Spotify CFO Paul Vogel – Q3 2021 Earnings Call

Let me also spend a moment on ATT. We continue to see opportunities around personalization on Twitter as we better leverage our unique signal to improve people’s experience and show their more effective ads across both brand and direct response. The revenue impact we experienced from ATT in Q3 increased on a sequential basis but remains modest. The impact of ATT is likely to vary across ad platforms given the unique mix of ad formats, signal and remediations on each as well as other factors, the mitigations we put in place and the speed with which we’ve adopted new standards like the SKAdNetwork and resulting changes across our technical stack have contributed to minimizing the impact to us.

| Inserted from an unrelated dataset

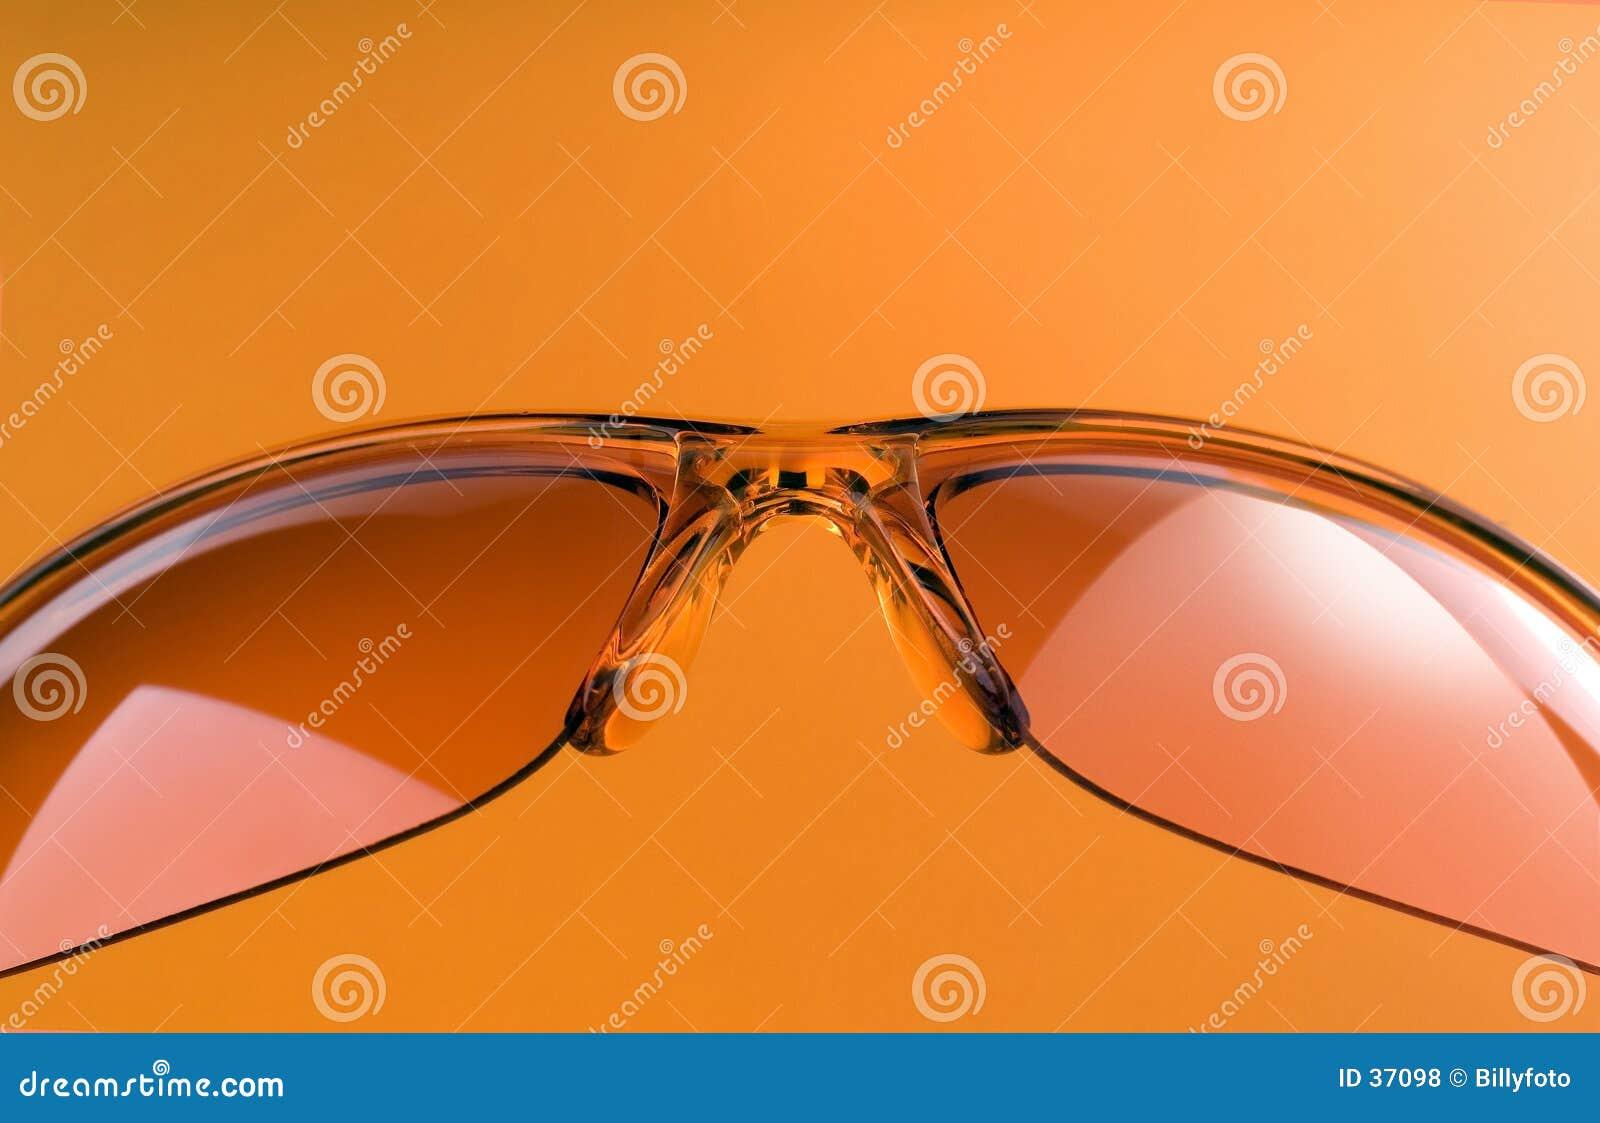 Download Gafas de sol anaranjadas foto de archivo. Imagen de tinte - 37098

Since the launch of ATT in April, we’ve invested in supporting SKAdNetwork, opening up 30%-plus more inventory and scale on iOS and launch support for view-through attribution and SK Campaign ID management features in the Twitter ads manager. It’s still too early for Twitter to assess the long-term impact of Apple’s privacy-related IOS changes, but the Q3 revenue impact was lower than expected, and we’ve incorporated an ongoing modest impact into our Q4 guidance. We’ve seen our revenue product development, both related to and distinct from ATT, improved the performance of our products, and we expect that to continue.

Twitter CFO Ned Segal – Q3 2021 Earnings Call

In terms of the iOS 14 changes specifically, they had a modest impact on YouTube revenues. That was primarily in direct response. I think as you all know well, focusing on privacy has been core to what we’ve been doing consistently

Alphabet/Google CEO Ruth Porat – Q3 2021 Earnings Call

Rich, thanks so much for the question and share your disappointment. This has definitely been a frustrating setback for us. But I think over the long term, these privacy changes and protecting privacy for users of iOS and, of course, the Snapchat community is really important to the long-term health of the ecosystem and something that we fully support.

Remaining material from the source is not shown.